ブルックナーの7番 |
でも、7番の第4楽章を聴いて、その理由が分かったように思いました。多分、ハイティンクは7番の第4楽章が大好きだったのではないでしょうか。
あの第4楽章のフィナーレは自分の音楽人生に対しての贈り物だと思うのです。
そう思うくらい、ハイティンクが指揮したブルックナーの交響曲第7番の第4楽章は素晴らしいのです。昔は第1楽章や第2楽章をよく聴いたものですが、いつの頃からか、敬遠するようになってしまいました。そして、その第4楽章を熱心に聴くようになったきっかけがハイティンクの演奏だったのです。ハイティンクの演奏で、この楽章の真価が分かったように思うからです。
今、その音楽を聴きながら書いているのですが、このオーケストラのサウンドは完熟した果物を連想させます。
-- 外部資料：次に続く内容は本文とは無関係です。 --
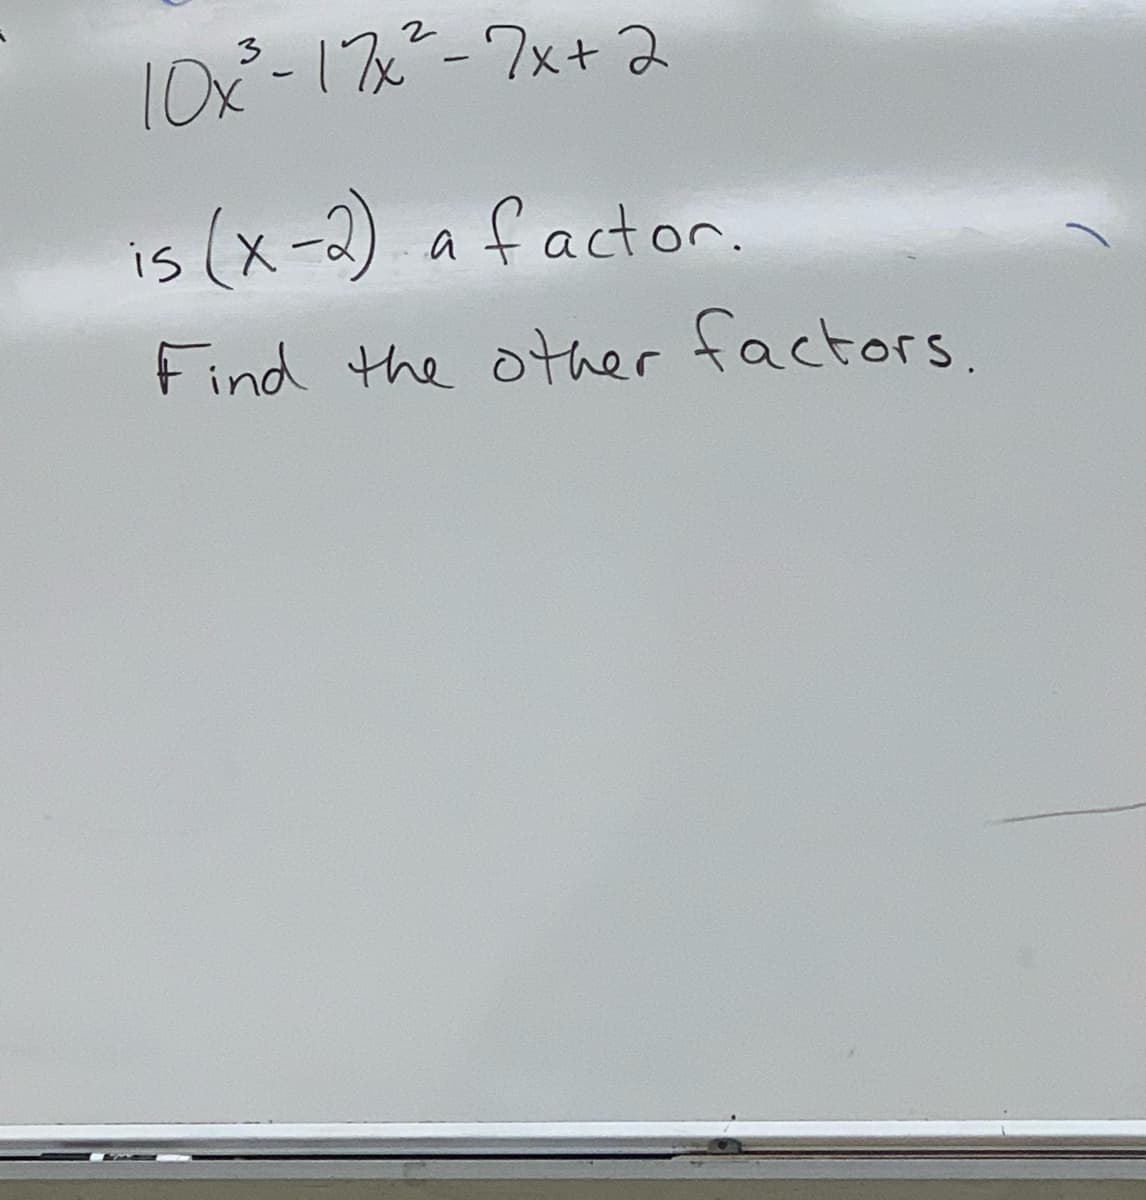 10ペ-178--7x+2
is (x-2)
a factor.
Find the other factors.

私が聴いているのは1978年の録音ですが、ハイティンクには1967年の録音もあります。こちらは果物でいうと、まだ青いです。若さは感じますが、粗いところが散見されます。この中間に放送録音ボックスの演奏があります。演奏も完熟の一歩手前の感じです。ただ、1978年の演奏があまりにもゴージャスな音なので、もう少し素朴な方が良い場合には、この放送録音の演奏が良いと思います。